Under California law, employers must immediately pay discharged employees all the wages they have earned.
Employees who quit without providing prior notice must be paid all wages earned within 72 hours.
If at least 72 hours of notice is provided, an employee who quits is entitled to all wages earned at the time of quitting.
Those provisions address when wages must be paid.
Another provision discusses how much must be paid.
Wage Rule Is Separate
A separate state-law provision requires employers to pay the minimum wage.
It also authorizes the state’s Division of Labor Standards Enforcement (Division) to issue citations to employers who don’t.
This case is about the interplay between the provisions regulating timing and those setting legally required minimum pay rates.
A California state appeals court issued a ruling. It said the Division got it wrong when it issued minimum wage violation citations to employers who paid departed employees the required minimum wage but were late in doing so.
The employers were Jaime Zepeda Labor Contracting, Inc., a farm labor contractor that provides workers to assist grape growers; grape grower Anthony Vineyards, Inc., to whom Zepeda supplied workers; and Richard Bagdasarian, Inc., another grape grower to whom Zepeda supplied workers.
Seasonal Work
The work was seasonal. The employers paid the workers on the next payday after the end of a season.
The Division determined that the two grape growers did not timely pay certain workers who quit or were discharged.
It discovered that the growers did not always pay their workers consistent with the immediate payment/72 hour payment state-law rules.
The employers paid the workers at least the required minimum wage by their next scheduled payday.
Based on the lateness of the payments, the Division issued citations to the employers for violating the state-law minimum wage provisions.
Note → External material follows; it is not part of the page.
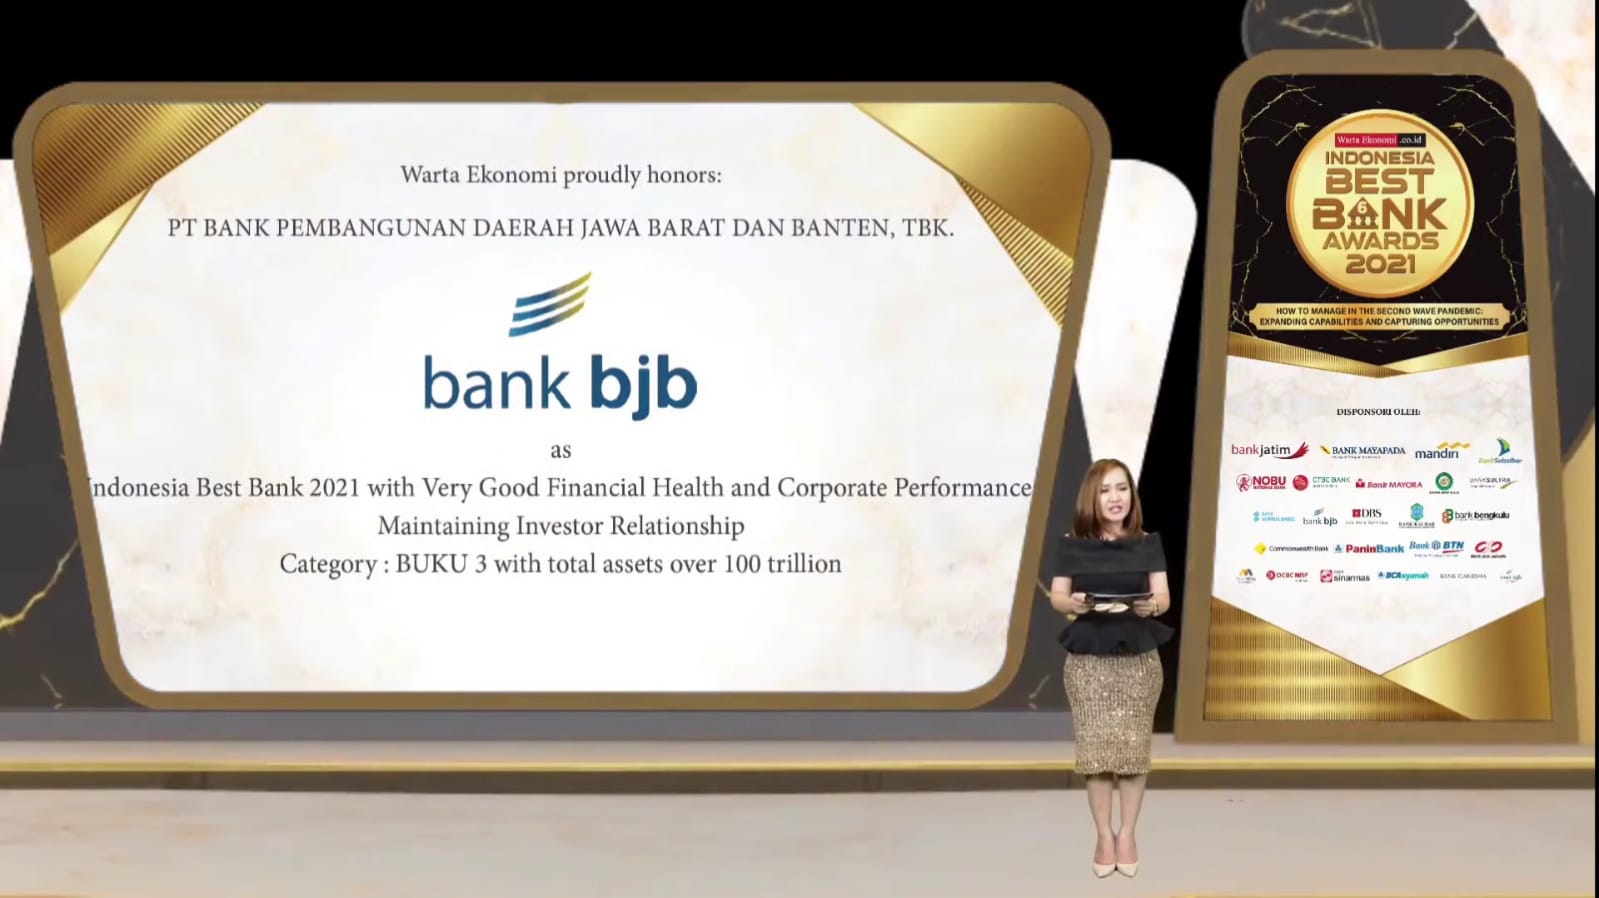  bank bjb Raih Penghargaan dari Warta Ekonomi Indonesia Best Bank 2021
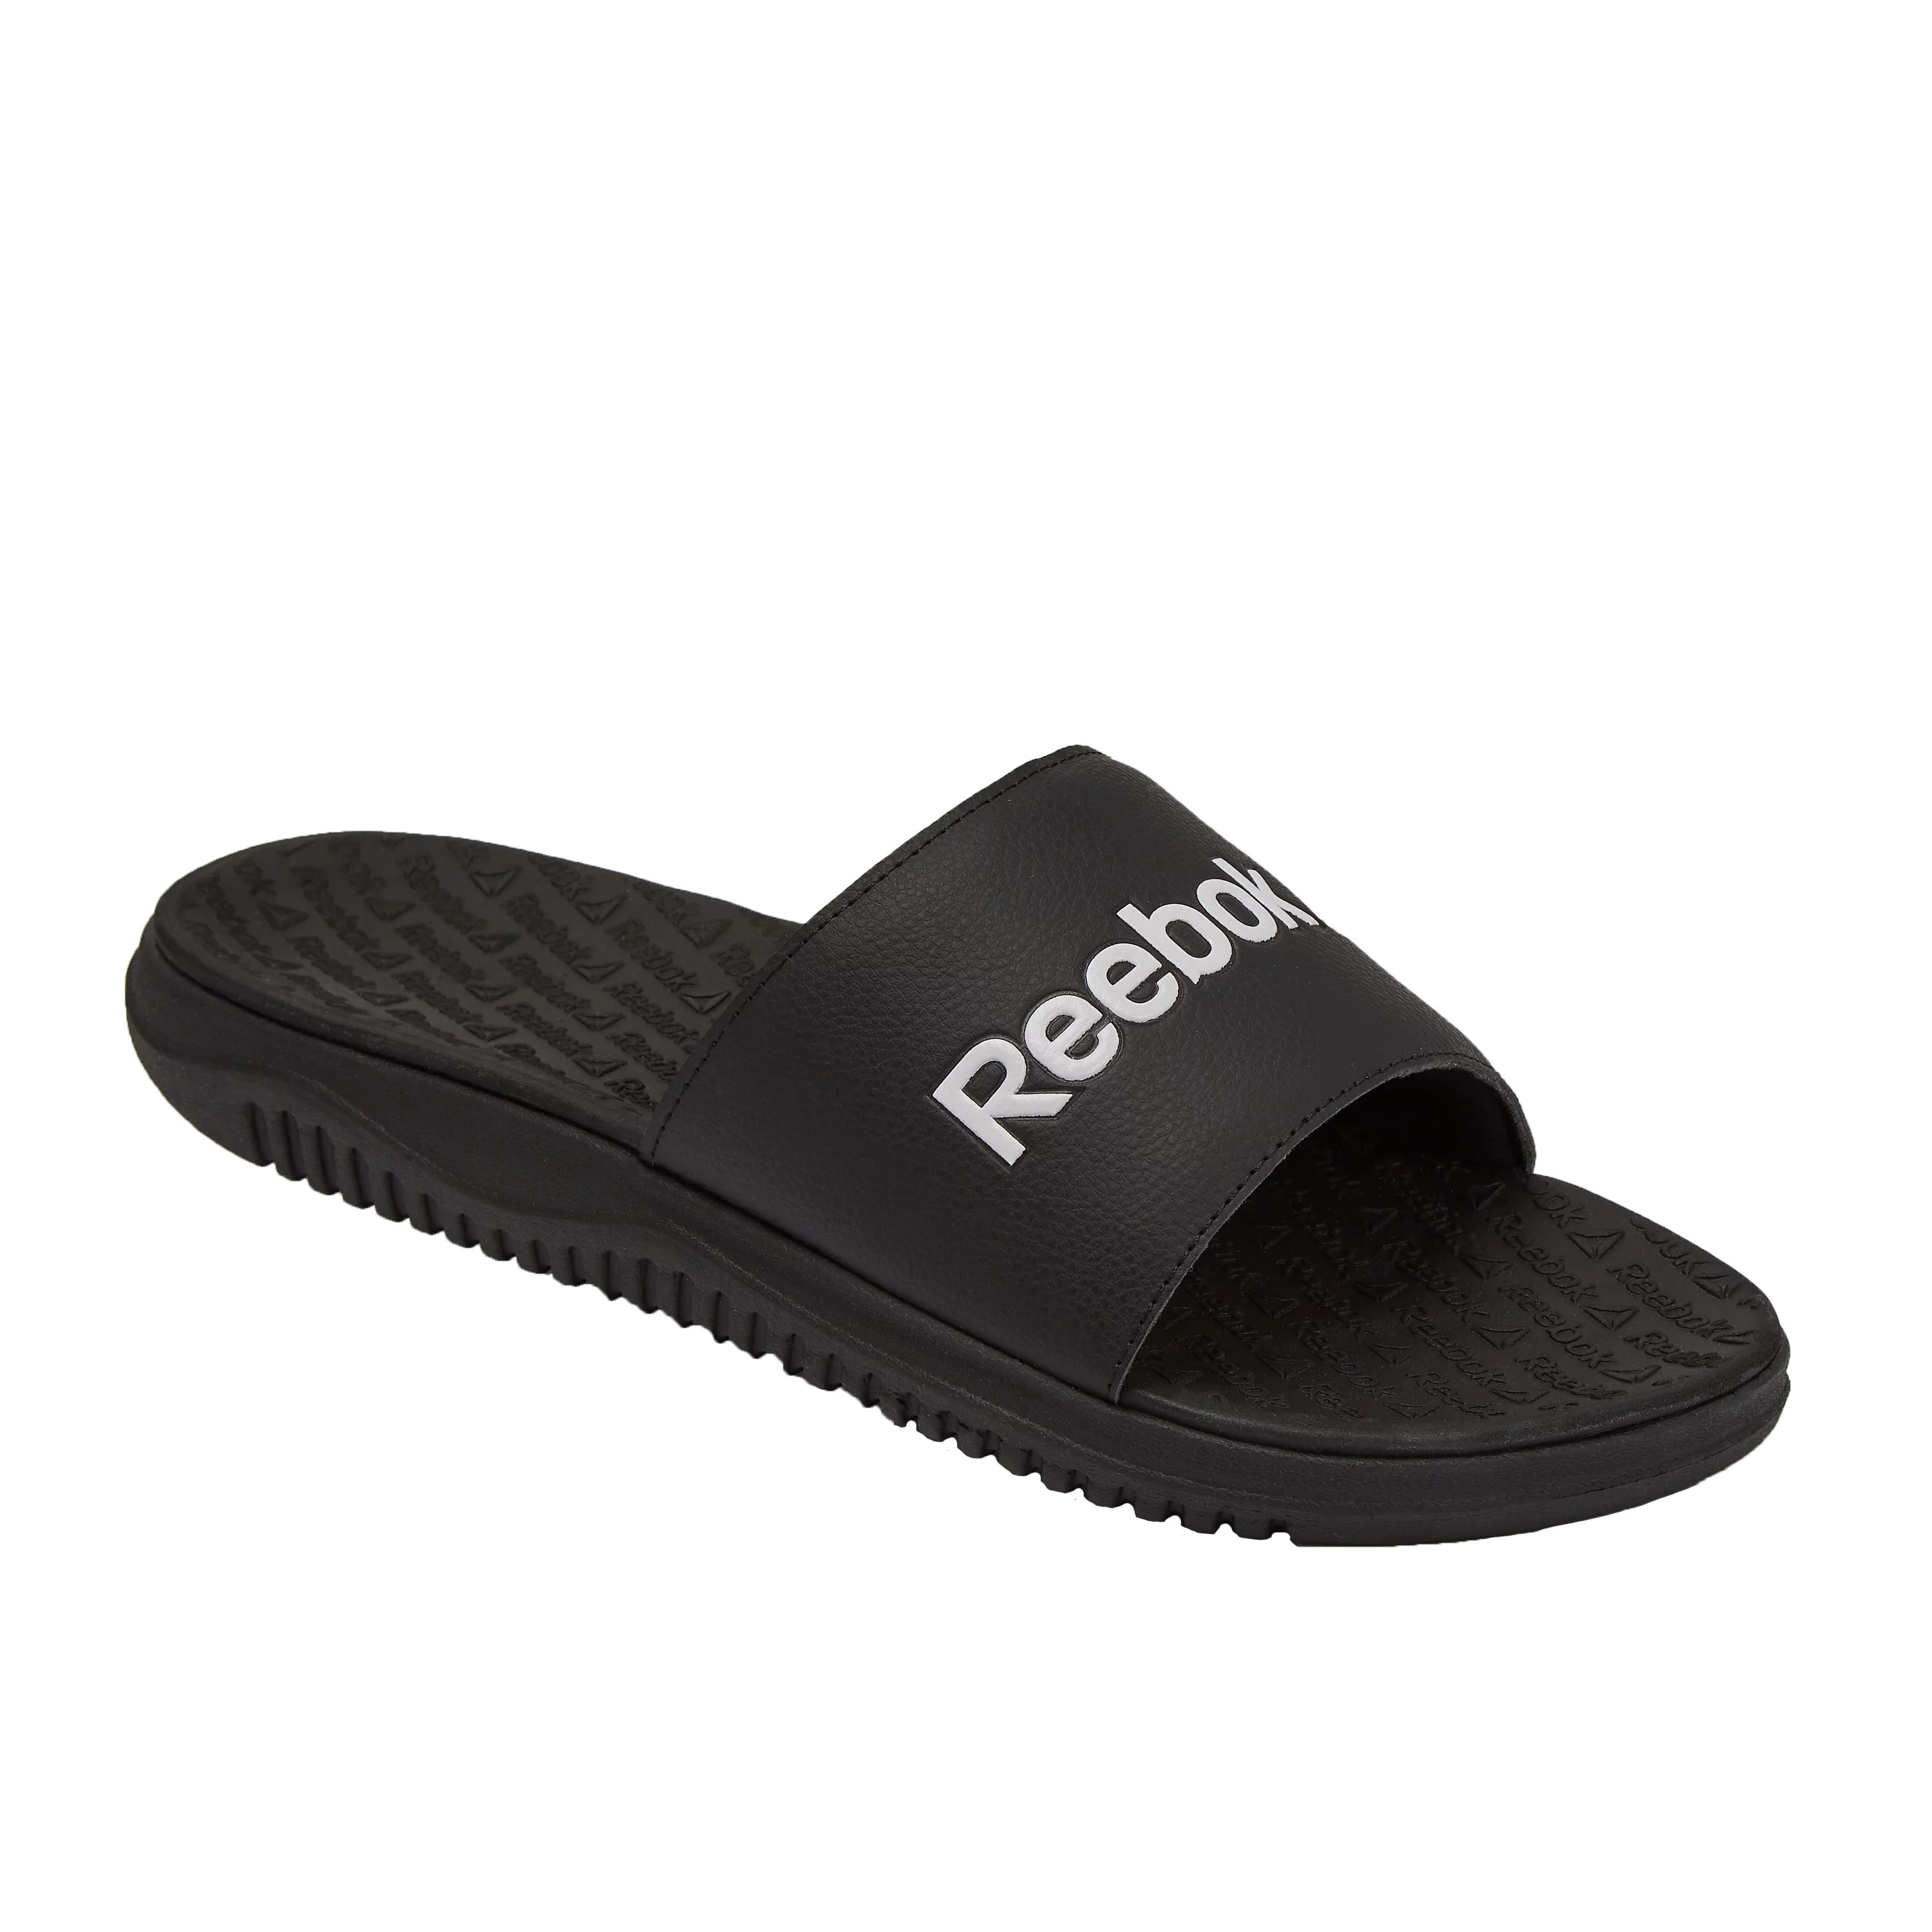 Reebok Men's Dual Density Comfort Slide Sandals | Walmart (US)

In the Division’s view, the lateness of the payments to the workers created independent minimum wage violations.
Much at Stake
The assessed penalties were steep, totaling about $350,000.
The employers contested the citations in administrative proceedings. A hearing officer concluded that they had committed minimum wage violations.
The hearing officer reasoned that “each day wages were late meant employees were being paid nothing and therefore were not receiving minimum wage.”
Employers Appeal
Next up was further review by a state court. There, the employers argued that the Division overstepped its authority.
The trial court ordered the dismissal of all of the wage citations. It agreed with the employers’ position. The court rejected the Division’s argument that a failure to timely pay wages was also a failure to pay minimum wages.
It said the hearing officer improperly relied on a case decided under the Federal Fair Labor Standards Act in reaching a decision.
Under state law, it explained, there can be no violation of minimum wage requirements unless the minimum wage is not paid.
The trial court issued a judgment favoring the employers.
It ordered the Division to dismiss the citations and set aside the hearing officer’s decision.
The Division filed an appeal.
Appeals Court Affirms
A state intermediate appeals court affirmed.
State law generally requires the payment of wages “on the established payday for the period involved,” the appeals court explained.
There was nothing in the text of any state statute that made the failure to pay wages in a timely manner an independent failure to pay minimum wages, the appeals court said.
The fact that the failure to pay wages in accordance with statutory sections setting timeliness requirements triggered penalties did not mean the employer did not pay minimum wages, the court added.
‘Unique Interpretation’
The Division’s interpretation was inconsistent with the statutory scheme, the court said. There was no authority to support its “unique interpretation,” it ruled.
The court affirmed the judgment.
Jaime Zepeda Labor Contracting, Inc. v Dep’t of Industrial Relations, Division of Labor Standards Enforcement, No. D078062, 2021 WL 3560937 (Cal. Ct. App. 8/12/21).